• PROVIDED INFORMATION:
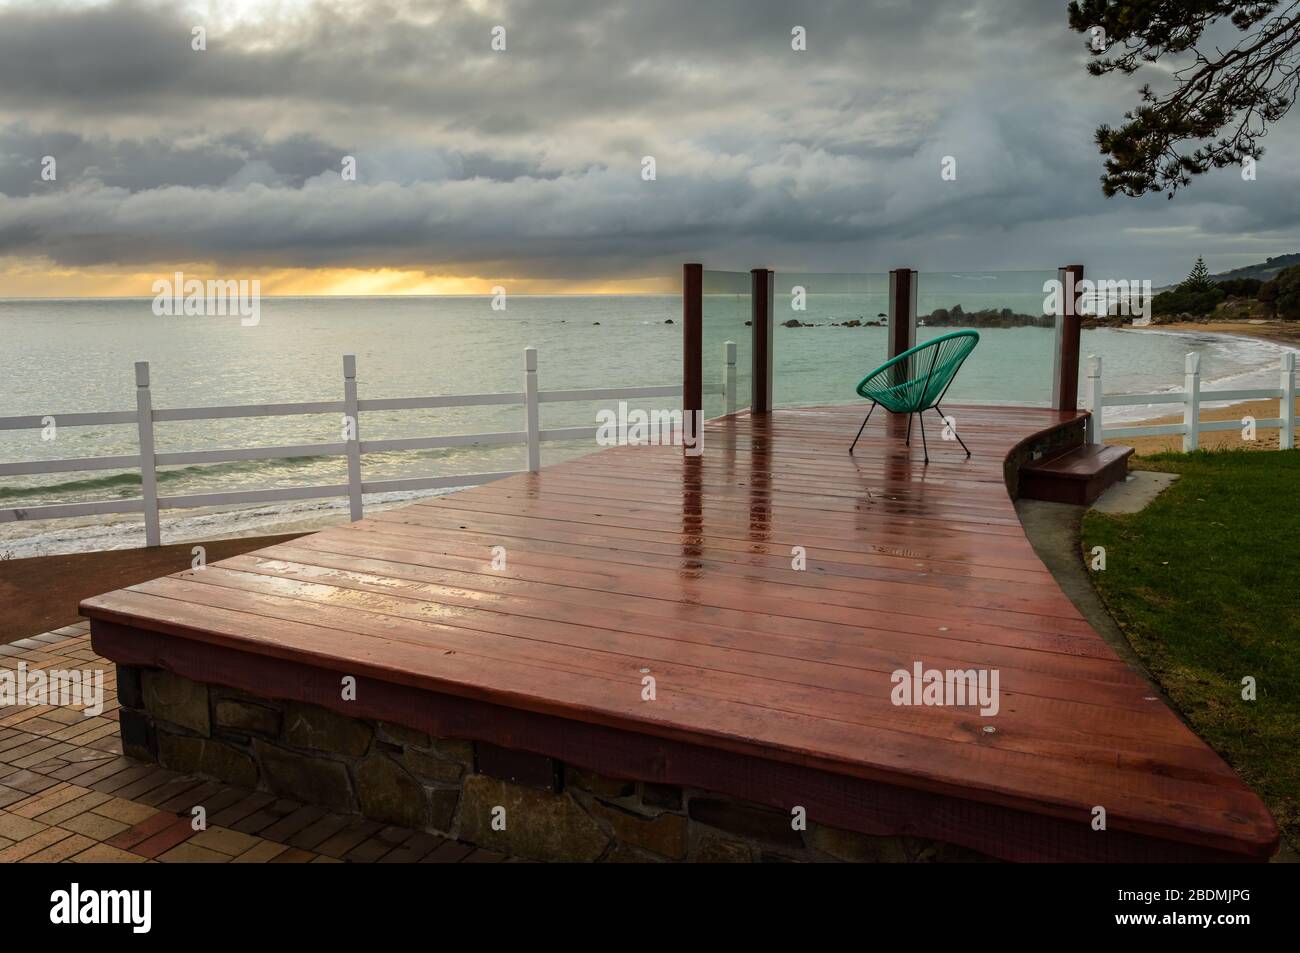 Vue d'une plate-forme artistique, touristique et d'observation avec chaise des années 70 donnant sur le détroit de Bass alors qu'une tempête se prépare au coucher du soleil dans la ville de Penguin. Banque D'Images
* * *
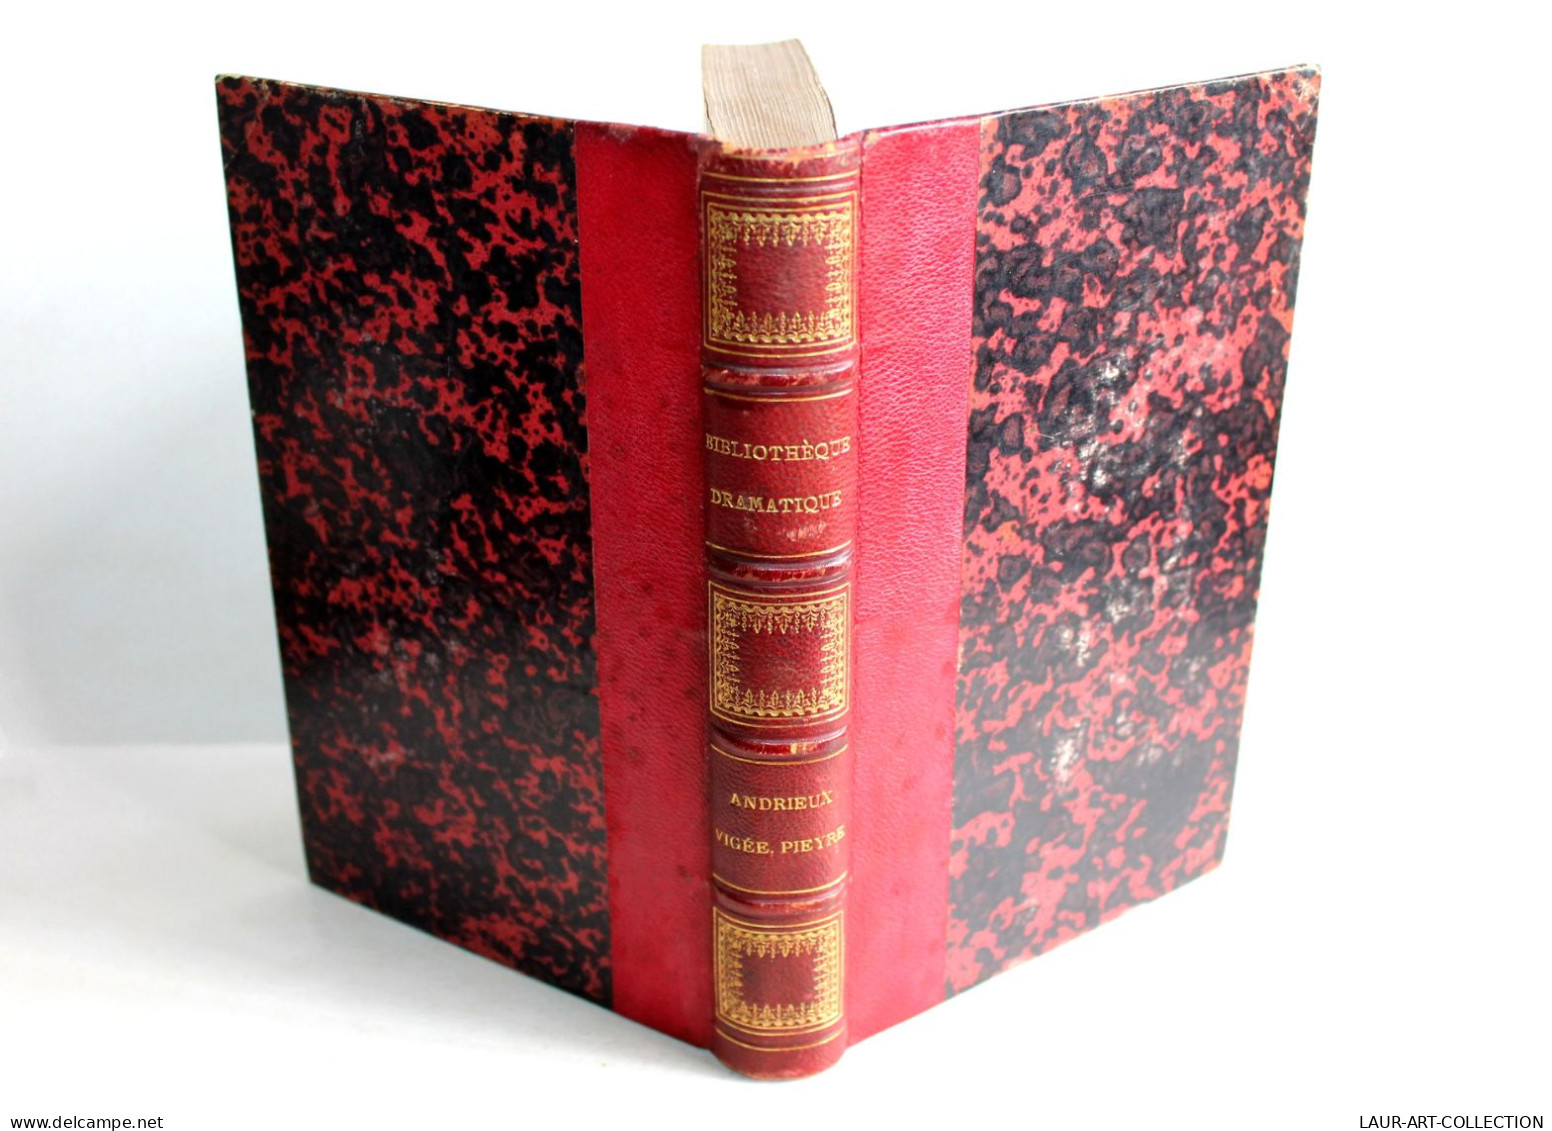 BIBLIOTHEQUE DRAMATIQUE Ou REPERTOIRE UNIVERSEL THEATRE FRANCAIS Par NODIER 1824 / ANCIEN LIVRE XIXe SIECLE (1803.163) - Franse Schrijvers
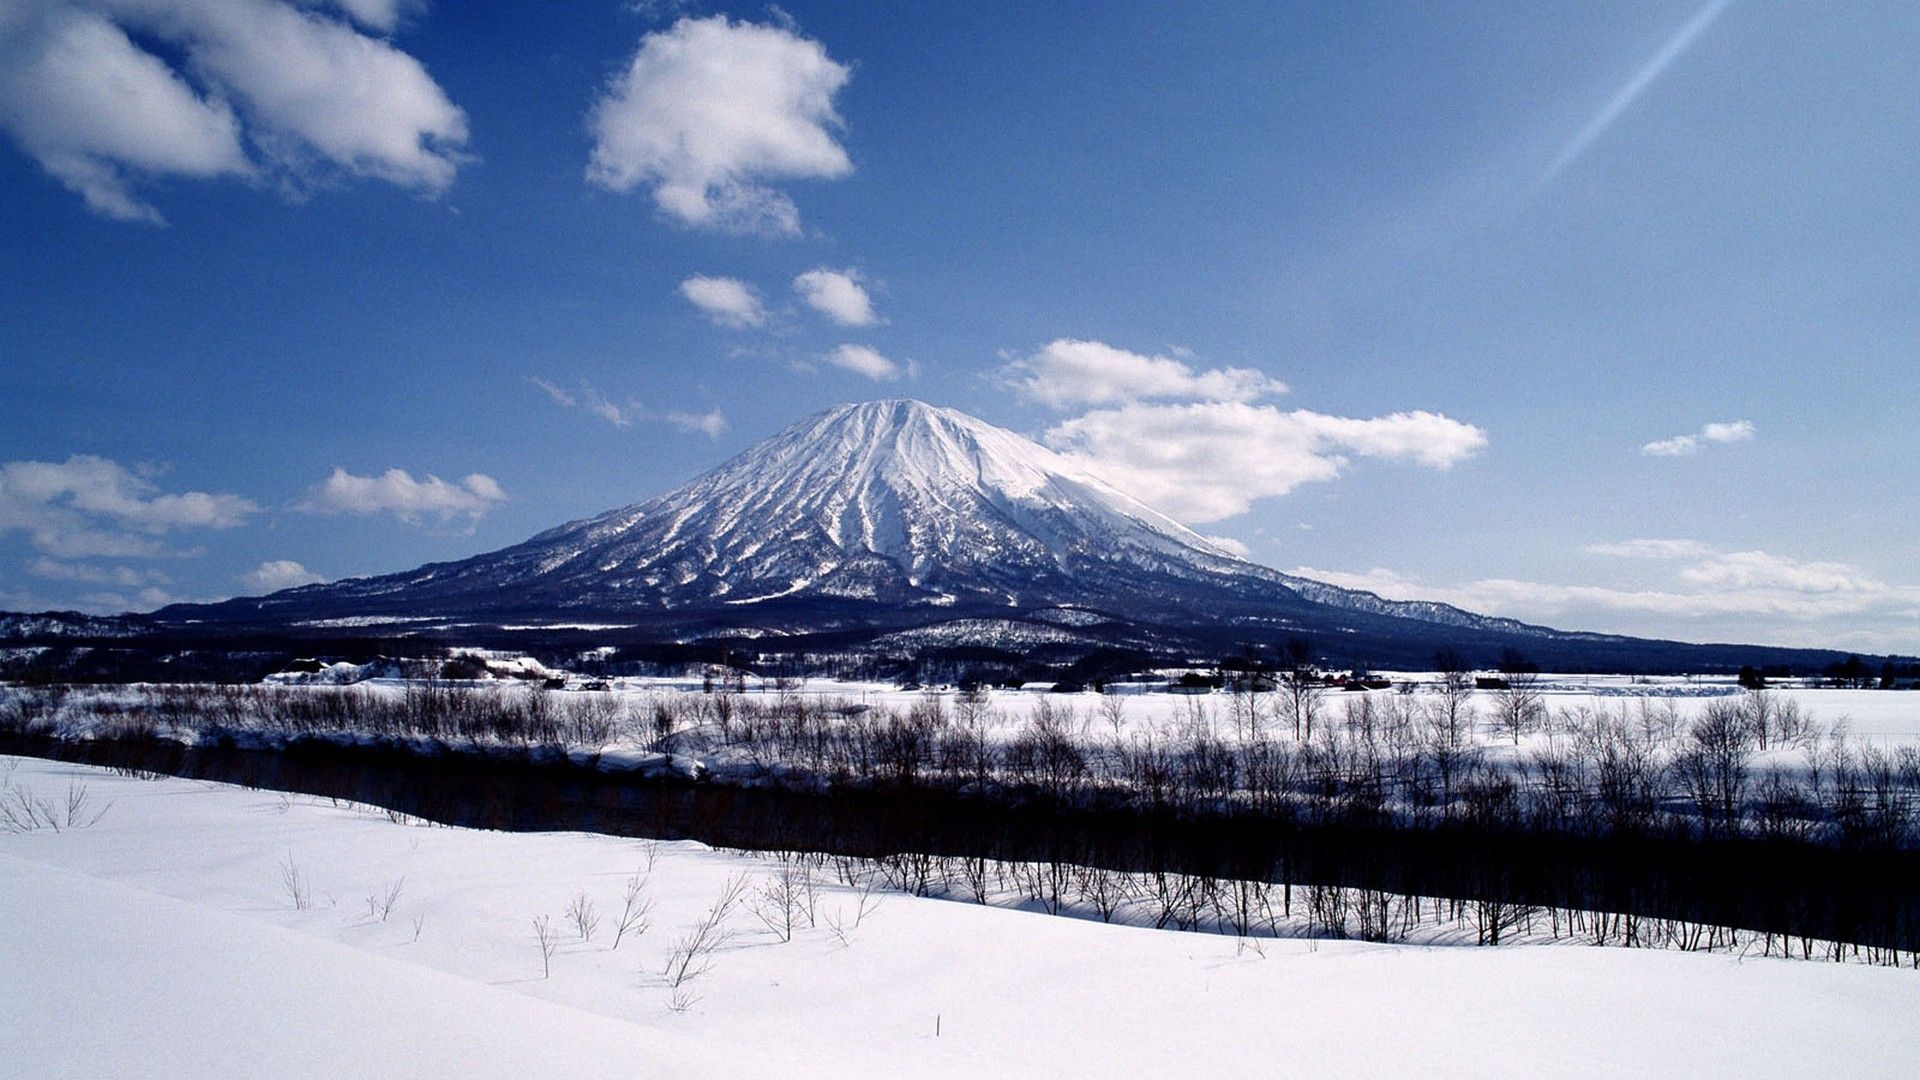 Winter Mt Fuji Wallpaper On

• AIM OF THE EXERCISE:
Among the entries above, locate the line with "BIBLIOTHEQUE DRAMATIQUE Ou" and the line with "Winter Mt Fuji Wallpaper On". Give those two lines and all lines between them again, exactly, leaving out the pictures.

• ANSWER BOX:
 BIBLIOTHEQUE DRAMATIQUE Ou REPERTOIRE UNIVERSEL THEATRE FRANCAIS Par NODIER 1824 / ANCIEN LIVRE XIXe SIECLE (1803.163) - Franse Schrijvers
 Winter Mt Fuji Wallpaper On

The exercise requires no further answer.